For me, it's largely a question of whether there's reason to relocate my business. If the latest relocation trend is the real deal and there's a sustainable pool of talent, I'll strongly consider it. I suspect many others follow for similar career-related reasons. Basically, I just want to be able to surround myself with talented people at the lowest cost possible.
> Really would love a clear answer

It's astonishing that you don't understand this, but I'll assume your question is in good faith.

It's because "Silicon Valley" doesn't actually produce etched silicon anymore, or really anything of actual value to humanity, at all. In fact, it's become a net negative for the rest of humanity.

It spends the most valuable IQ points this planet has on endless ad click optimization, addictive social media experiences that induce mass depression, and finding novel ways to censor non-mainstream opinions.

There is no value-add, and there hasn't been for two decades. I suppose Cupertino can lay some small claim to actually advancing humanity with their silicon design, but at the cost of the rest of the company inventing ways to ensure that humans are passive consumers of Apple Credit Cards and Apple TV instead of actually advancing us somewhere other than Idiocracy or Wall-E.

Meanwhile, there are very real and very tangible risks to our very existence that SV ignores because of mathematically flawed assumptions about the actual physical limits to photovoltaics, energy storage, or absurd notions such as "vertical farming". If Wired or The Atlantic prints a glowing story on a 19 year old who will solve resource constraints and climate change, well then, by God they're going to do it. Faith is all you need. Math and reality can GTFO.
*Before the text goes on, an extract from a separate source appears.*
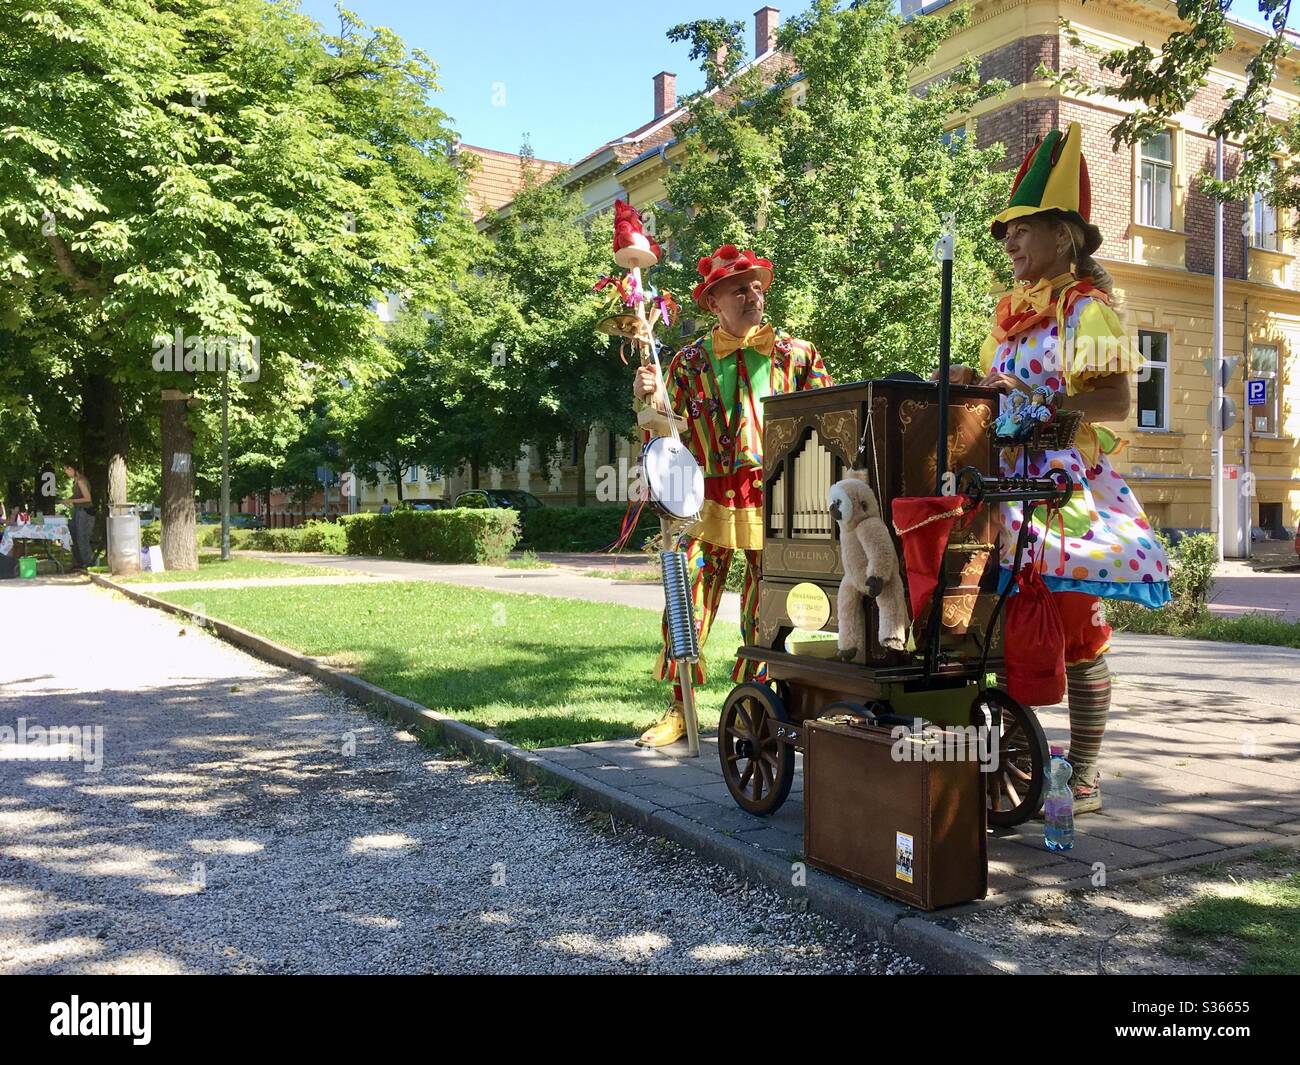 Maria and Alexander, two street musicians playing a Deleika barrel organ dressed like clowns, Sopron, Hungary Stock Photo

What's really hilarious is that HN, at least monthly, gets an article posted and upvoted about how toxic and infantile and terrible SV is, but lessons are never learned because anything that interferes with the income stream necessary to maintain the narrative bubble is mere curiosity.

You even asking this question is indicative of a problem: specifically the problem that you are NOT actually ignorant of the answer. You read the answer on your own echo chamber regularly. Rather, you choose to disregard it and instead regard the people earnestly answering it as trolls, or proles, or some other ignoble fool whose response can be easily forgotten.

As it is that this response will be forgotten. Because introspection is inconvenient, and flyover rubes are beneath you.